I am relatively new in the "large data process" in r here, hope to look for some advise about how to deal with 50 GB csv file. The current problem is following:

Table is looked like:

ID,Address,City,States,... (50 more fields of characteristics of a house)
1,1,1st street,Chicago,IL,...
# the first 1 is caused by write.csv, they created an index raw in the file

I would like to find all rows that is belonging San Francisco, CA. It supposed to be an easy problem, but the csv is too large.

I know I have two ways of doing it in R and another way to use database to handle it:

(1) Using R's ffdf packages:

since last time the file is saved, it was using write.csv and it contains all different types.

all <- read.csv.ffdf(
  file="<path of large file>", 
  sep = ",",
  header=TRUE, 
  VERBOSE=TRUE, 
  first.rows=10000, 
  next.rows=50000,
  )

the console gives me this:

Error in ff(initdata = initdata, length = length, levels = levels, ordered = ordered,  
: vmode 'character' not implemented

Searching through online, I found several answers which did not fit my case, and I can't really make sense of how to transfer "character" into "factor" type as they mentioned.

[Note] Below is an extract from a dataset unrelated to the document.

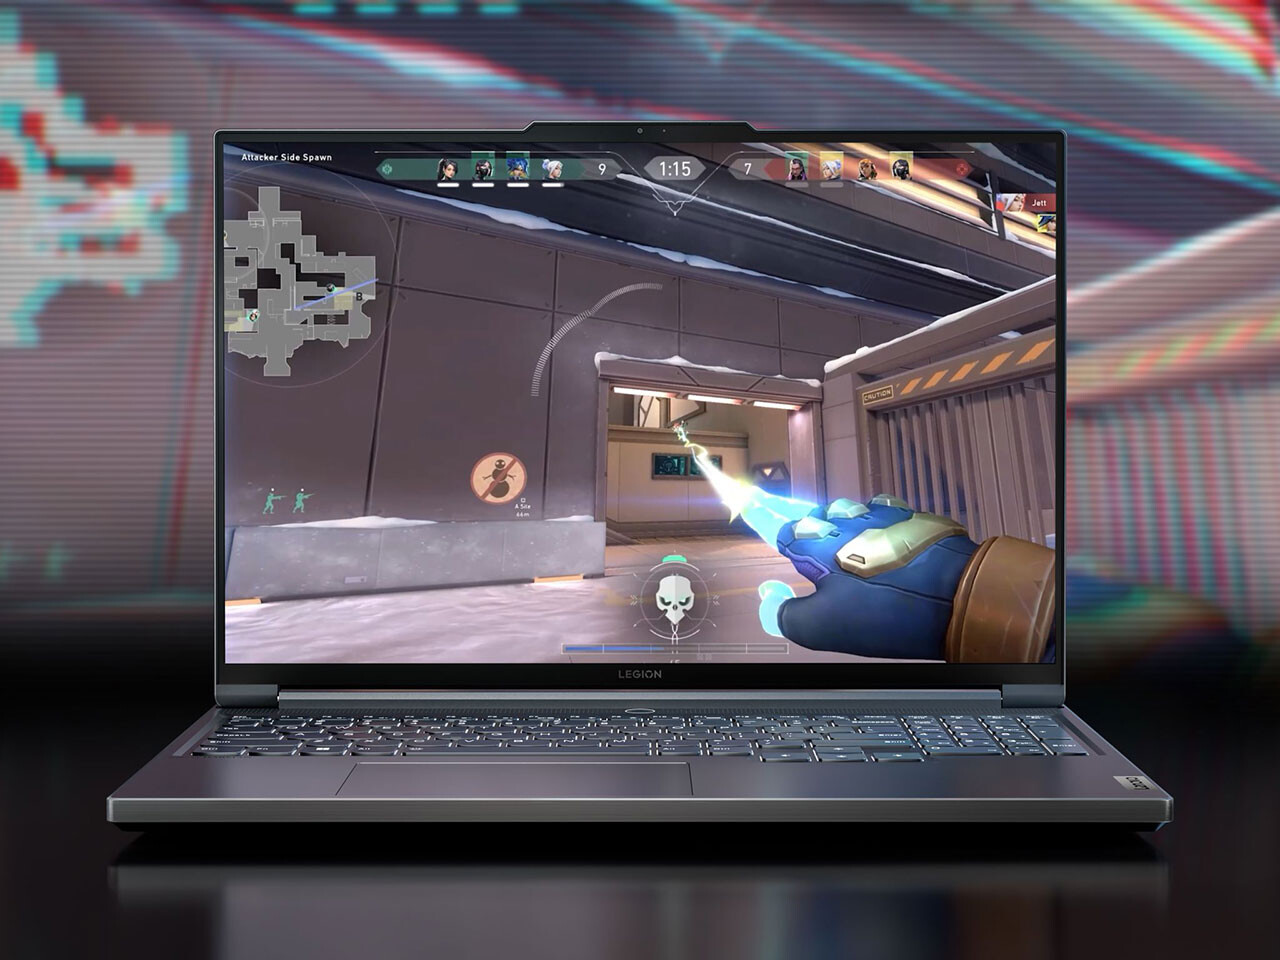 Lenovo Combines Stealth with Apex Performance in the Latest Legion 7 Series Gaming Laptops -

Then I tried using read.table.ffdf, this is even more disaster. I can't find a solid guide for that one.

(2) Using R's readline:

I know this is another good way, but can't find an effecient way to do this.

(3) Using SQL:

I am not sure how to transfer the file into SQL version, and how to handle this, if there is a good guide I would like to try. But in general, I would like to stick with R.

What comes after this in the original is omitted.